> _TASK TO CARRY OUT_
Leaving out every picture, retype the lines below from the top through the one that contains "OKX battles multimillion-dollar".

> _INFORMATION_
::::::::
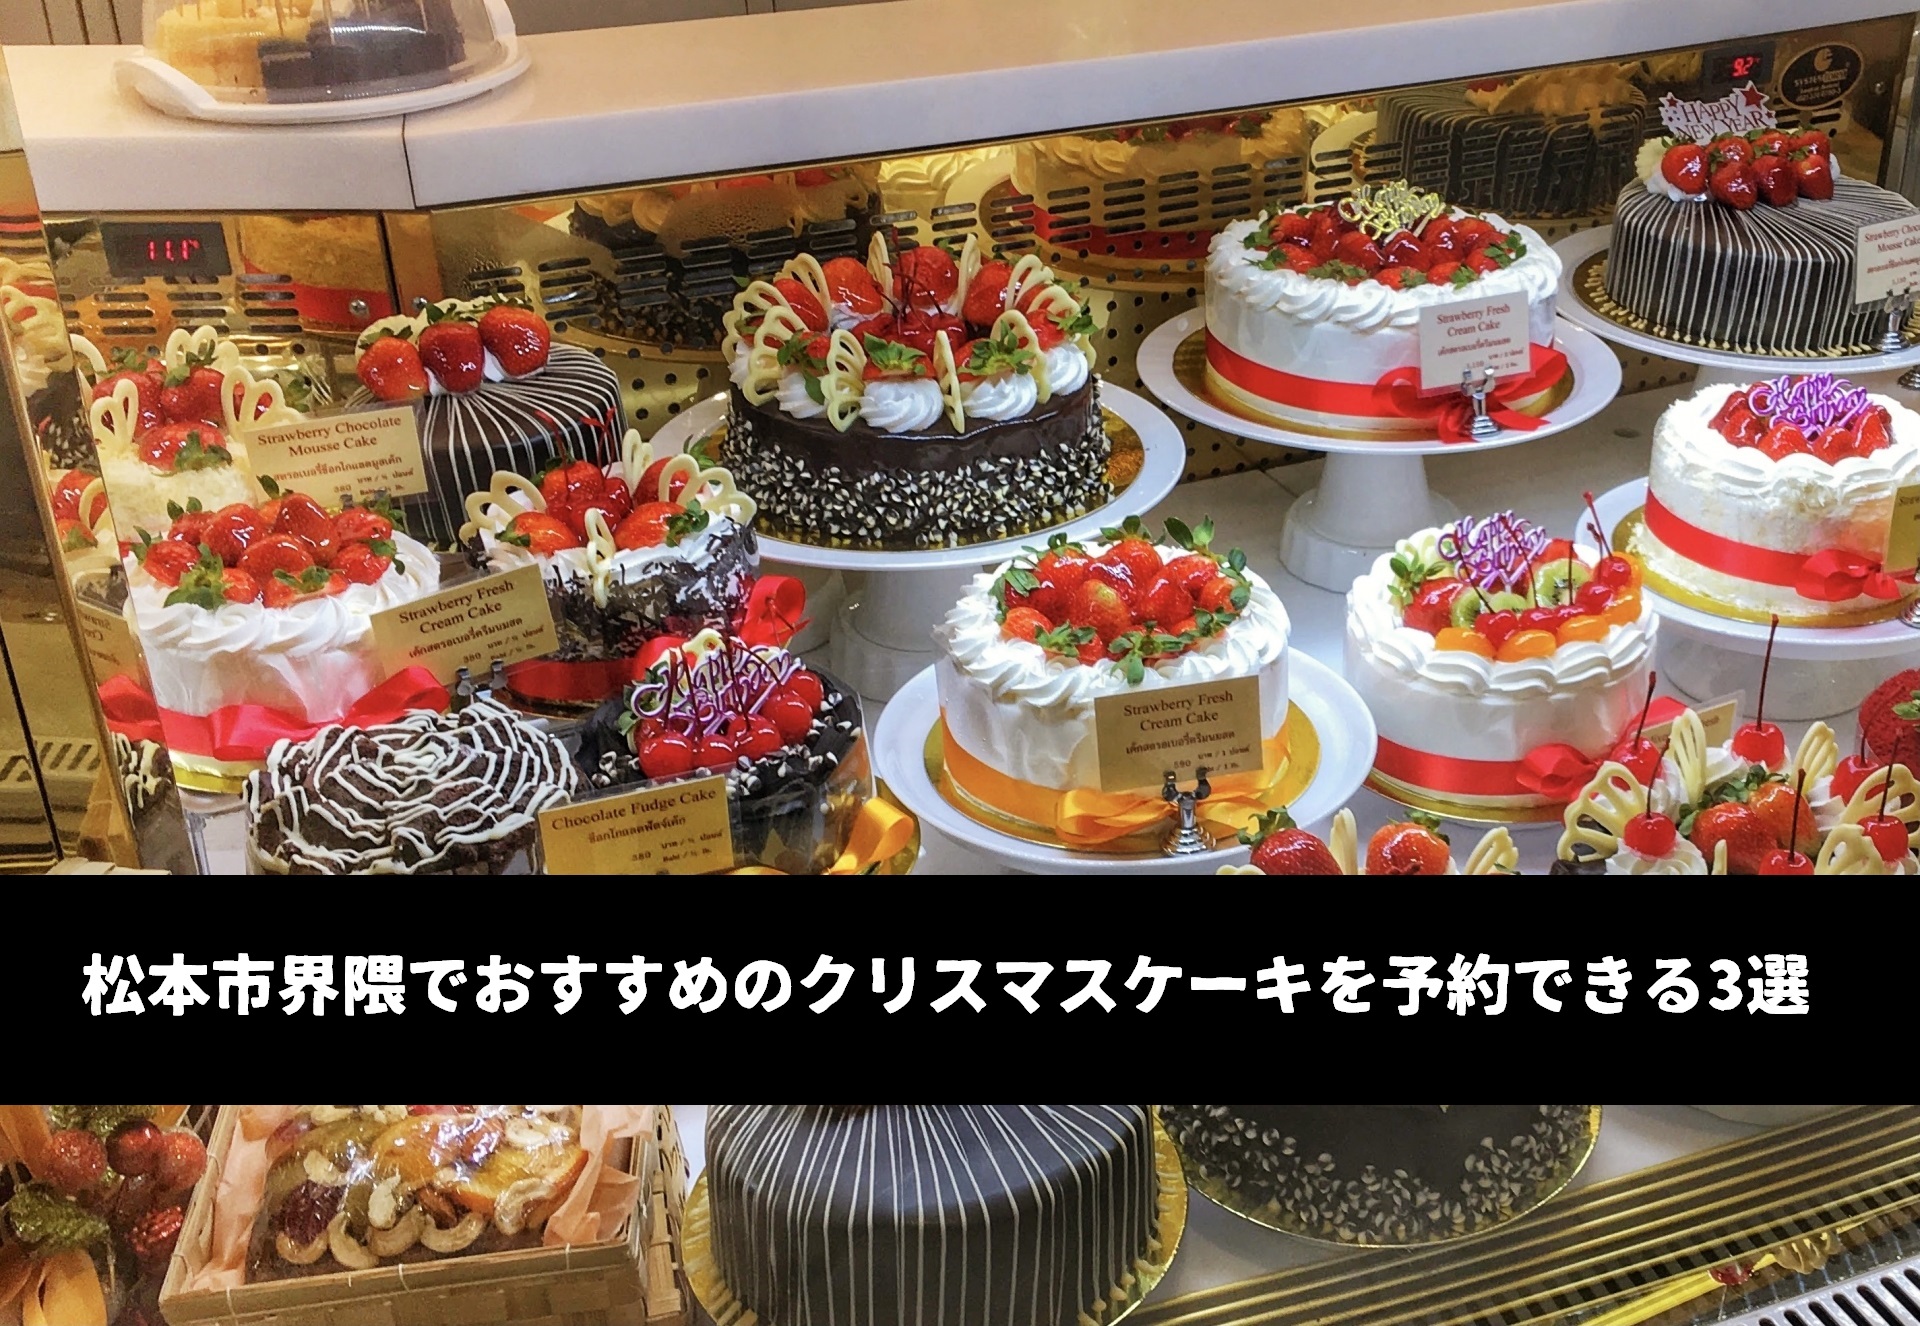 松本市界隈でおすすめのクリスマスケーキを予約できる店舗3選。ベタかもしれないけど人気店のそれはやはり素晴らしい。
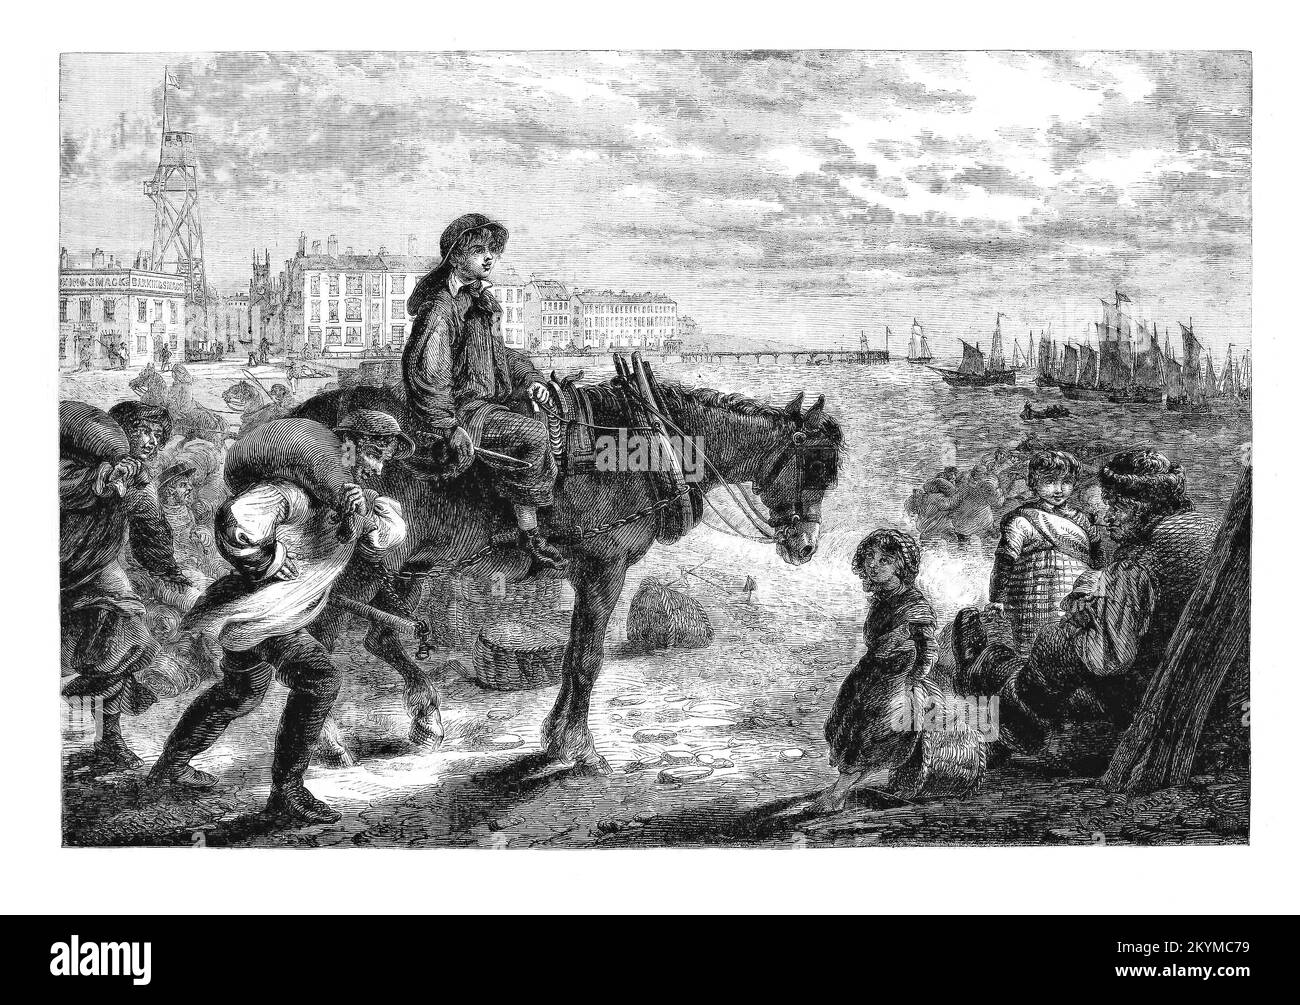 Die frühe Ankunft der ersten Heringsboote der Saison 1861 in Great Yarmouth, einst der wichtigste Heringshafen der Welt. Die Blütezeit und der Wohlstand von Yarmouth beruhten auf der großen Heringsflotte, die ihren Höhepunkt Anfang des 20.. Jahrhunderts mit etwa 1.000 Schiffen erreichte, die 2.000 Millionen Fische in einer Saison an Land brachten. Mehr als 6.000 Saisonarbeiter, hauptsächlich schottische Fischermädchen, würden nach Yarmouth strömen, um Fische in Fässern auszuweiden und zu salzen, die für den Export nach Norwegen, Sowjetrussland und Deutschland bereit waren. Stockfoto
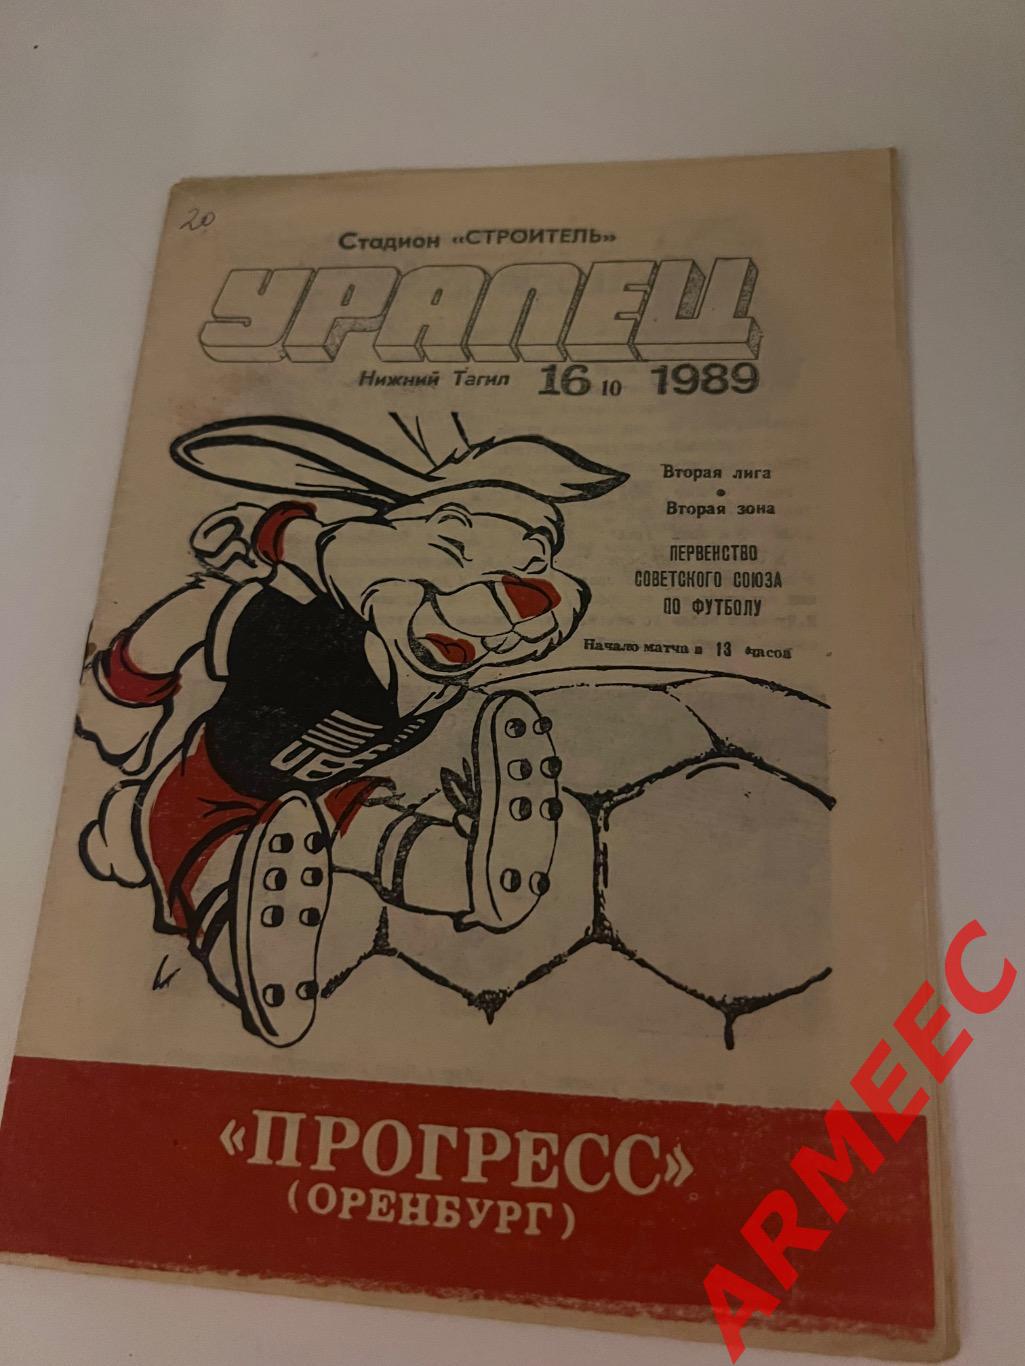 Уралец (Нижний Тагил)-Прогресс (Оренбург) 16.10.1989
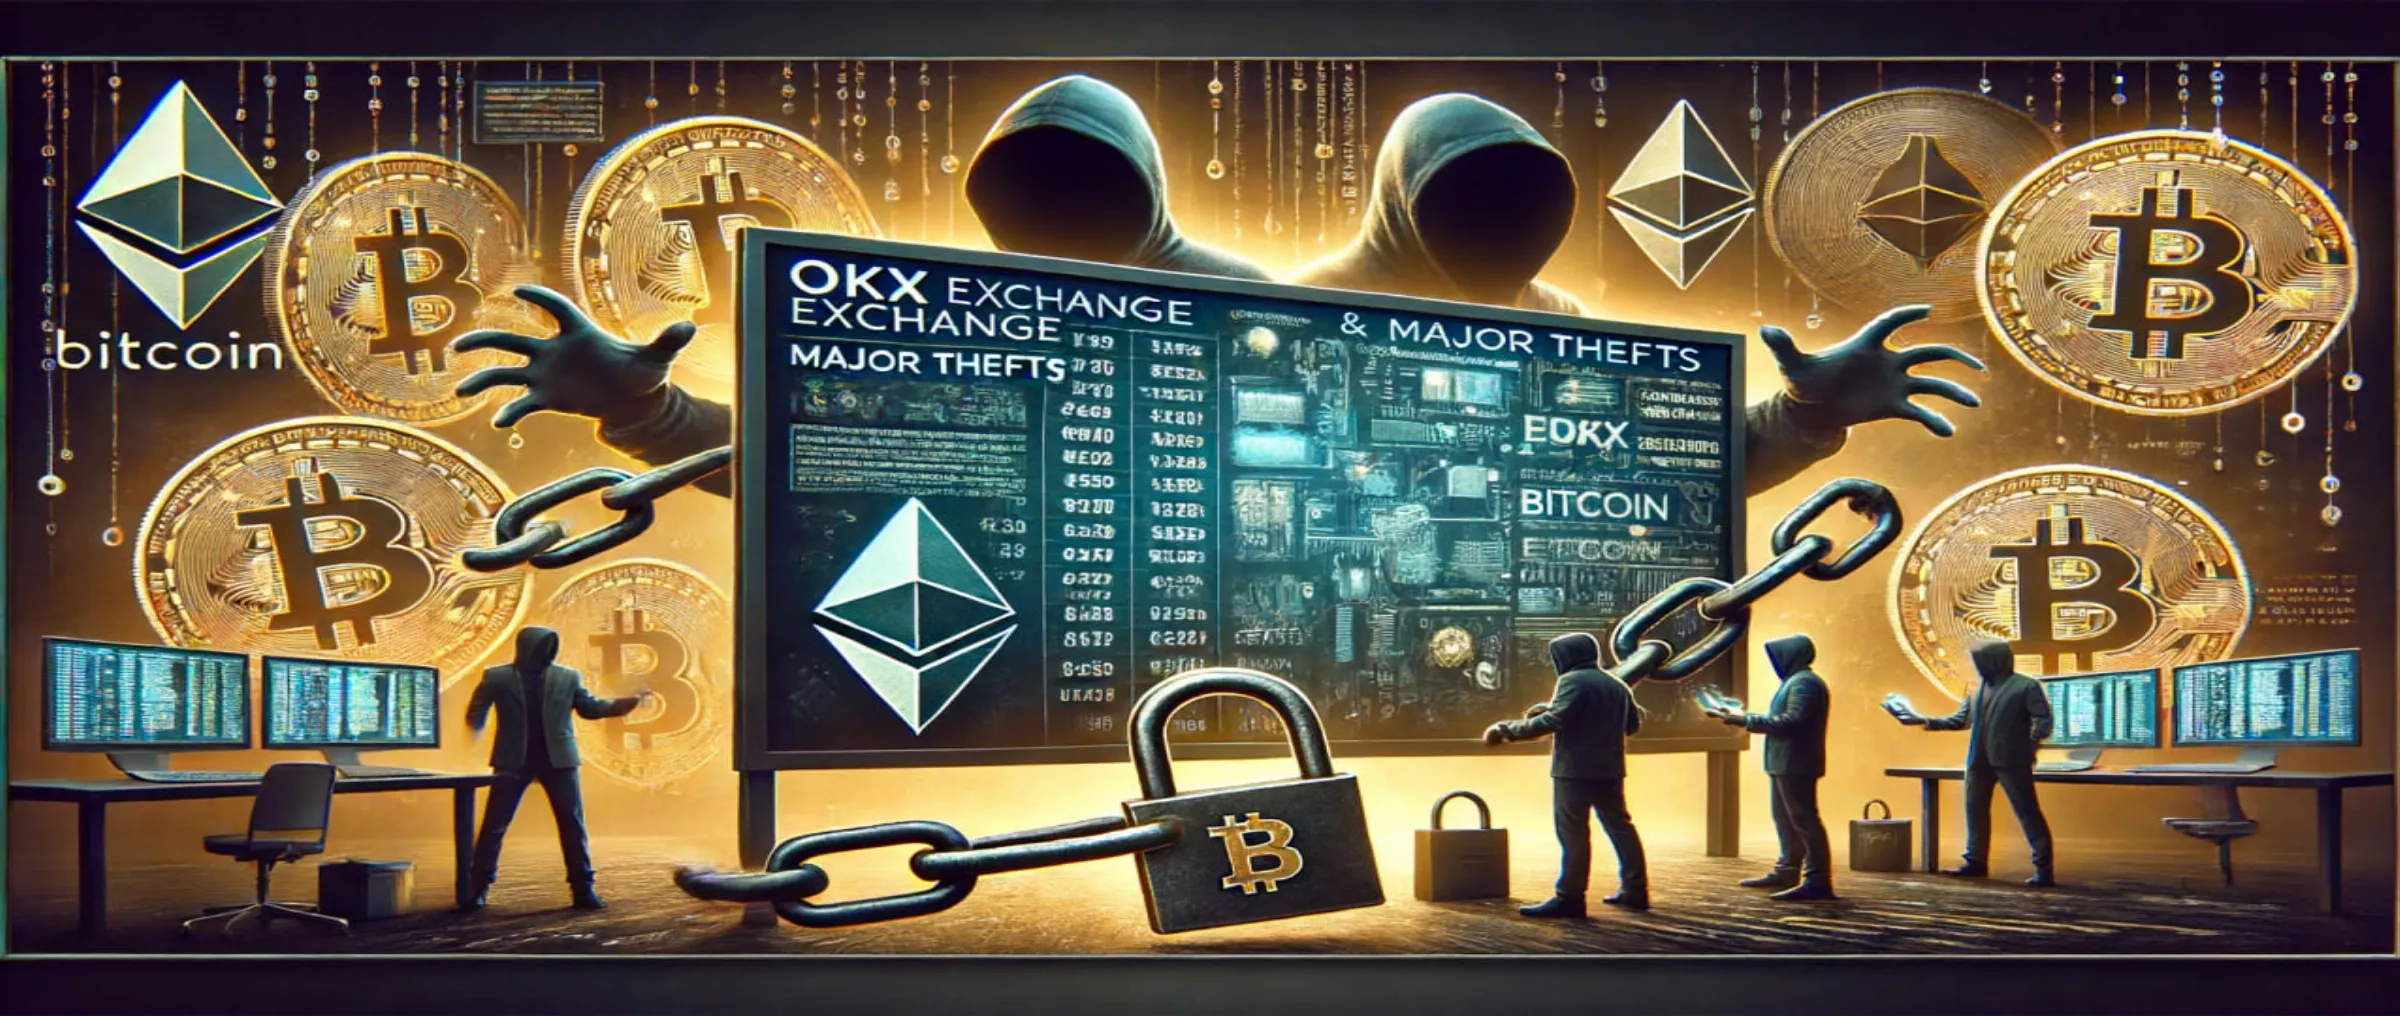 OKX battles multimillion-dollar thefts after SIM-swap attacks
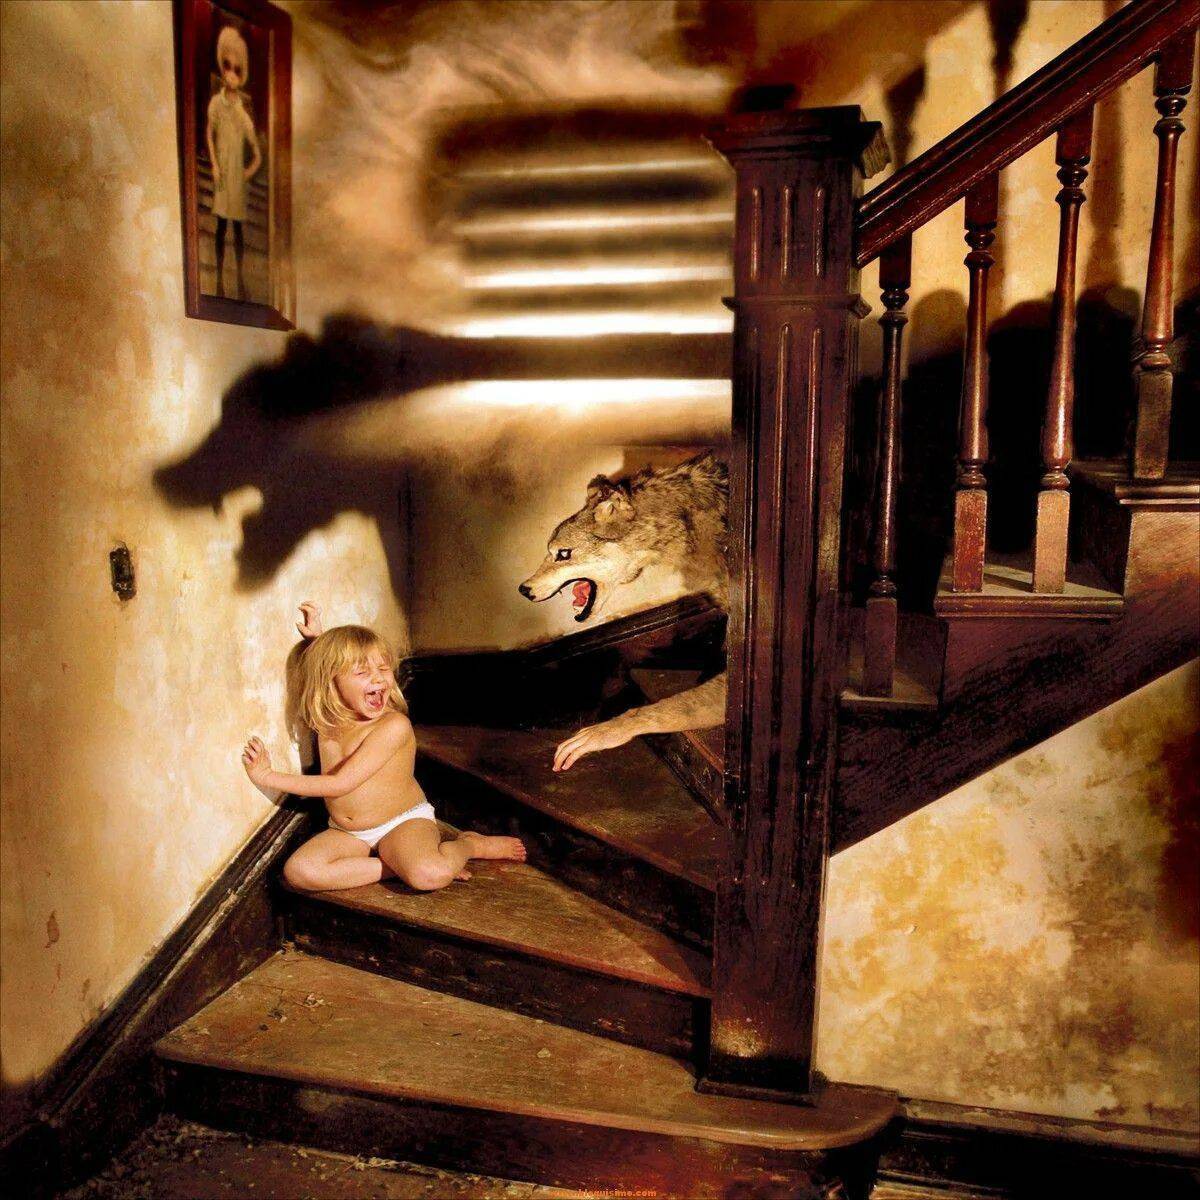 Папа играет в страшные. Ужастики Джошуа Хоффайн. Джошуа Хоффин детские страхи. Детские страхи фотопроект Джошуа Хоффайна.
::::::::
> _FINISHED TASK_
 松本市界隈でおすすめのクリスマスケーキを予約できる店舗3選。ベタかもしれないけど人気店のそれはやはり素晴らしい。
 Die frühe Ankunft der ersten Heringsboote der Saison 1861 in Great Yarmouth, einst der wichtigste Heringshafen der Welt. Die Blütezeit und der Wohlstand von Yarmouth beruhten auf der großen Heringsflotte, die ihren Höhepunkt Anfang des 20.. Jahrhunderts mit etwa 1.000 Schiffen erreichte, die 2.000 Millionen Fische in einer Saison an Land brachten. Mehr als 6.000 Saisonarbeiter, hauptsächlich schottische Fischermädchen, würden nach Yarmouth strömen, um Fische in Fässern auszuweiden und zu salzen, die für den Export nach Norwegen, Sowjetrussland und Deutschland bereit waren. Stockfoto
 Уралец (Нижний Тагил)-Прогресс (Оренбург) 16.10.1989
 OKX battles multimillion-dollar thefts after SIM-swap attacks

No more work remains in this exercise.